Only to get busy with other projects and forget about it. I was using this site as a journal of sorts, but then school started, I was tired and forgot to write in it for 4 months.
E had her 7th birthday on the ice at Old Kinderhook. I didn’t try to skate, arthritis makes possibility of a fall scary. She had a great time with a friend from school. Elsa, Olaf and Santa all there. 🙂
Been working on some things for Wrong Side Dirt. Thinking of using it as a kind of therapy, writing always has helped. Family accused me of writing a book about them, maybe it’s not a bad idea. I never realized how many ppl out there have to deal with abuse or the fall out from it. I spend a lot of time reading about NPD, the more I learn, the easier it is to cope. So much loss… I miss these people sometimes, yet the people I miss never actually existed at all. They were only masks of what they wanted me to see. I wonder why I have nightmares. Still, determined my daughter will not fall prey to these creatures. I’ve spent my entire life at battle with them, I don’t want her to have to waste hers that way. If only I had the time back I invested in those ‘people’.

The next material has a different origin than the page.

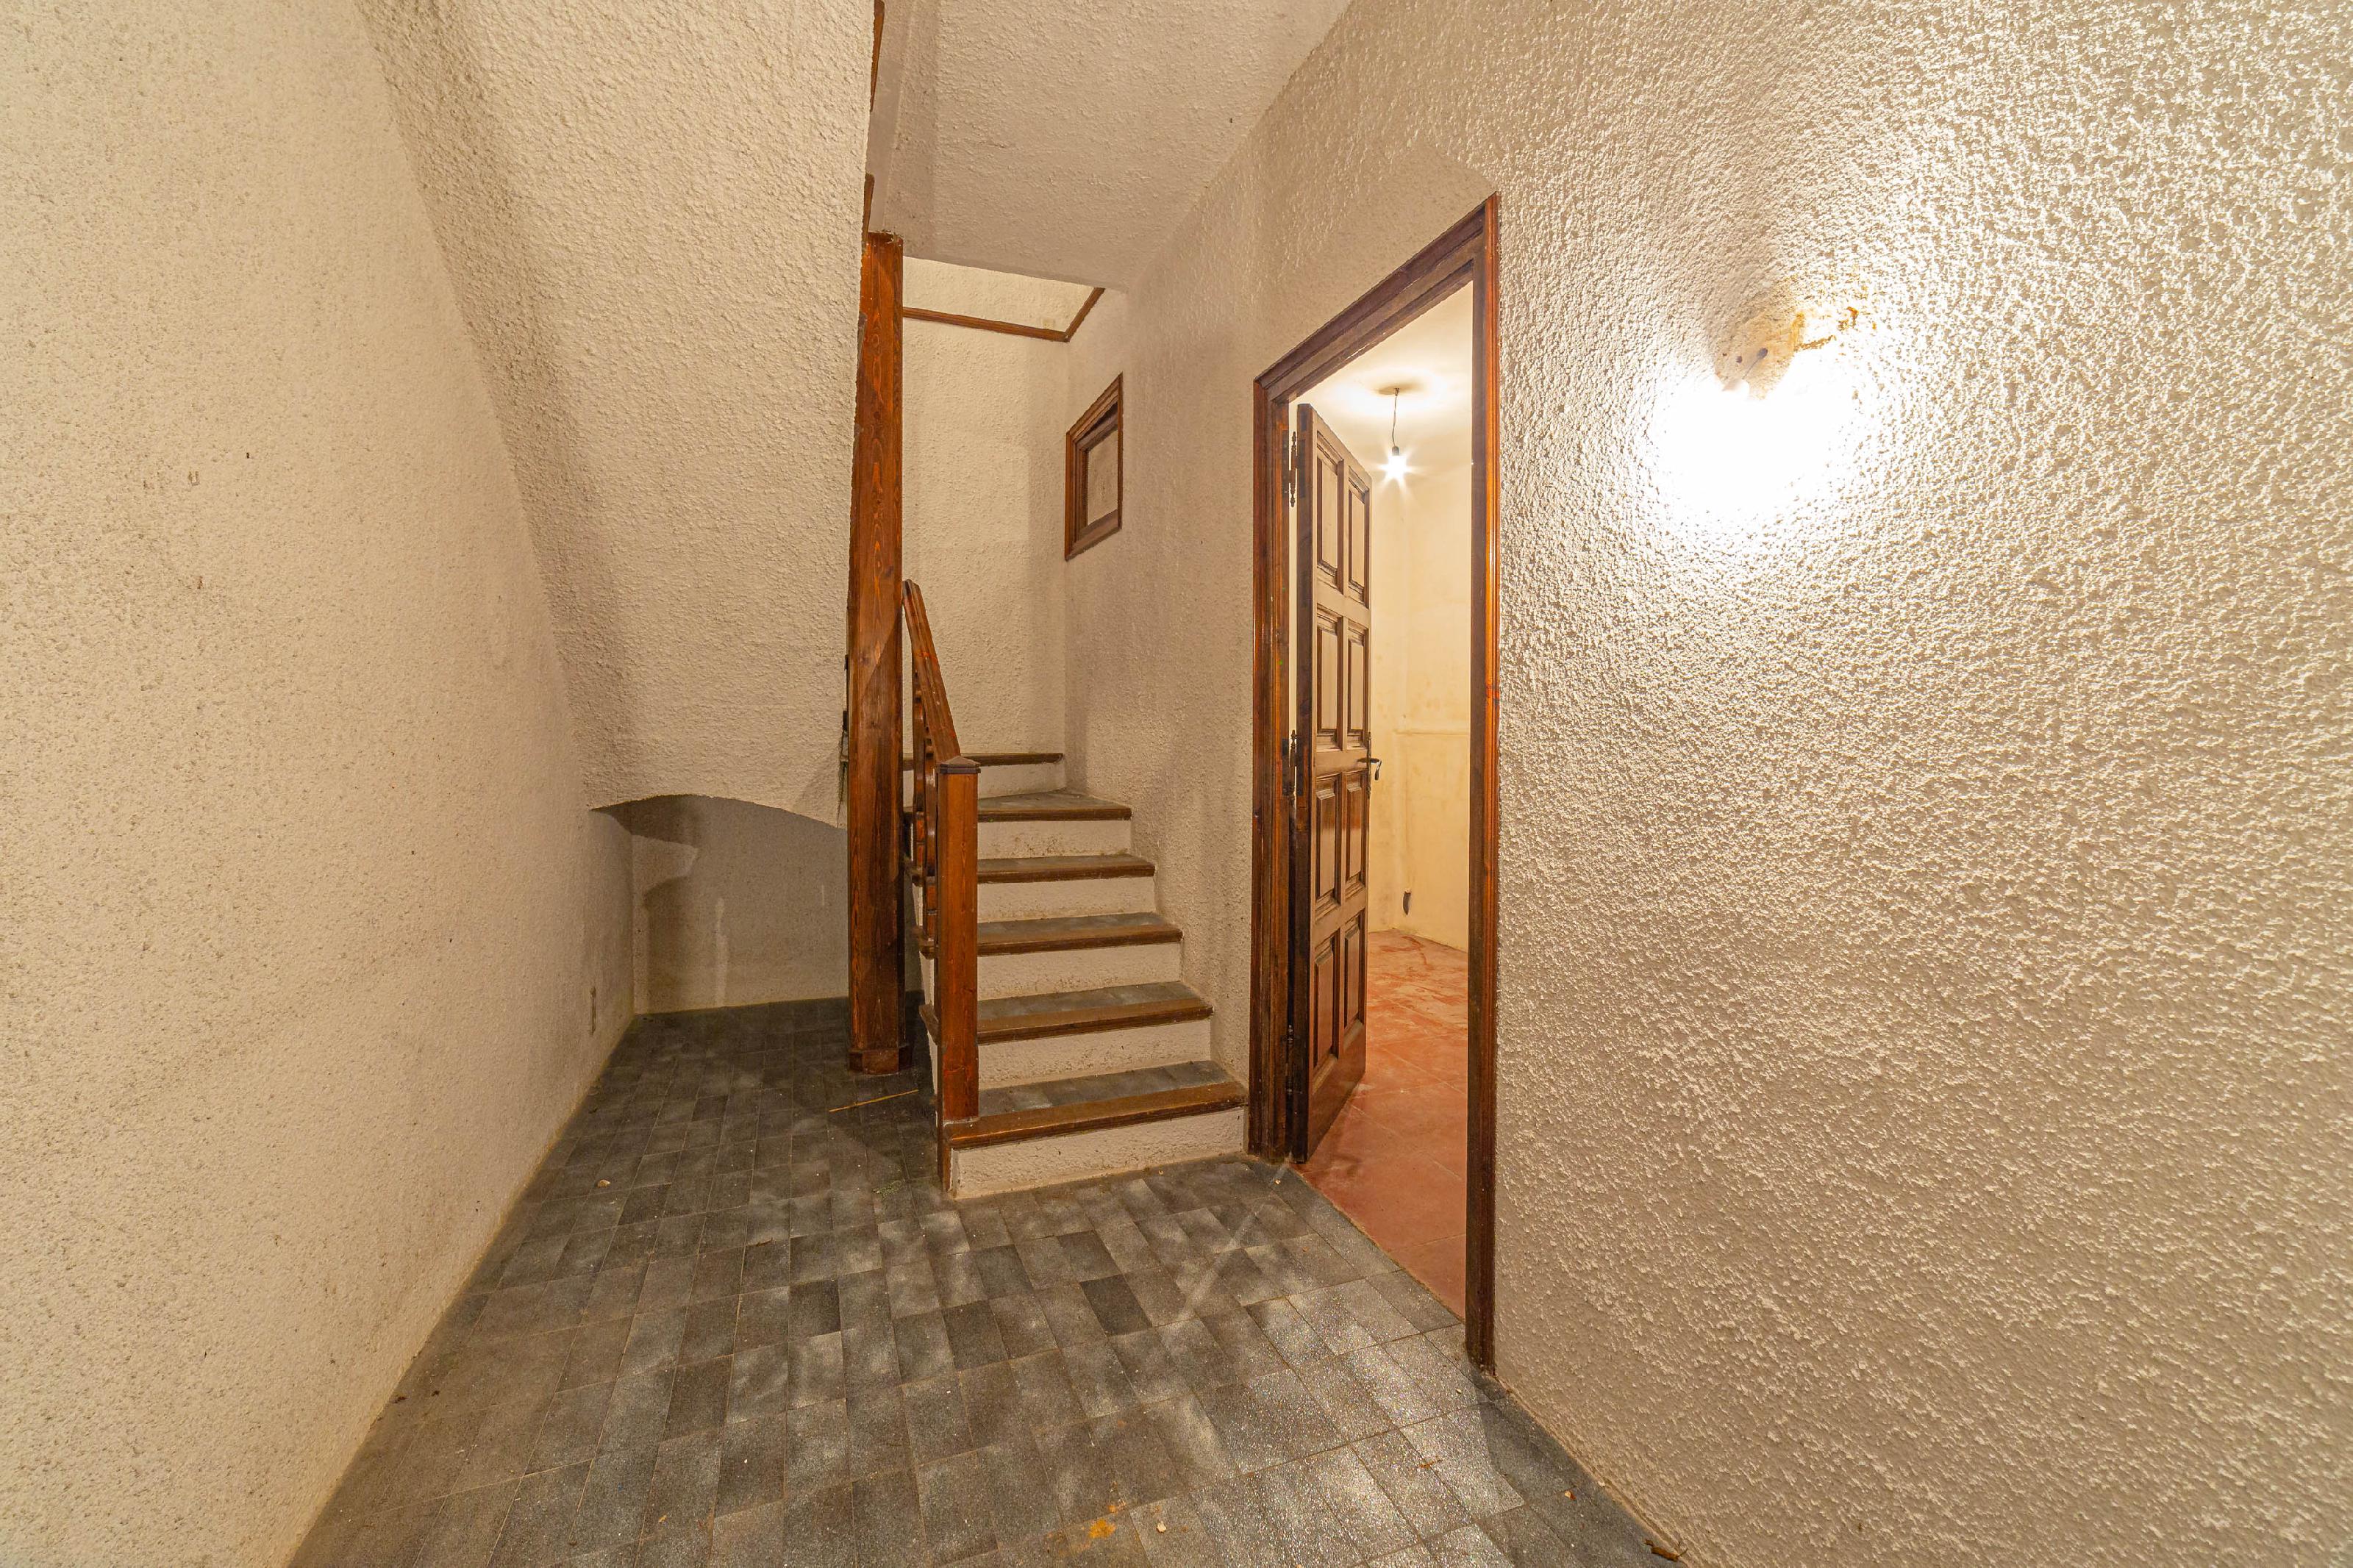 268376 Detached House for sale in La Roca del Vallès 27

Been doing a lot of artwork for the school. Fun, makes the kids happy, teachers happy, great way to channel some energy into something positive. Plus, I got home-canned pickles out of the deal. 🙂
Need to get some house projects finished. Might be nice to have kitchen cabinets done before we build new house.
Christmas only 3 days away. Not sure where this year has gone, except I’ve been so busy @ school, Tom teases I should just work there. But if I went back to college, would likely be for marketing, not teaching degree.
NYs Resolution needs to be stop thinking about people that didn’t make the effort to stay in my life and concern myself with the ones that did. Shoo ghosts, don’t bother me… And stop sending my kid mail.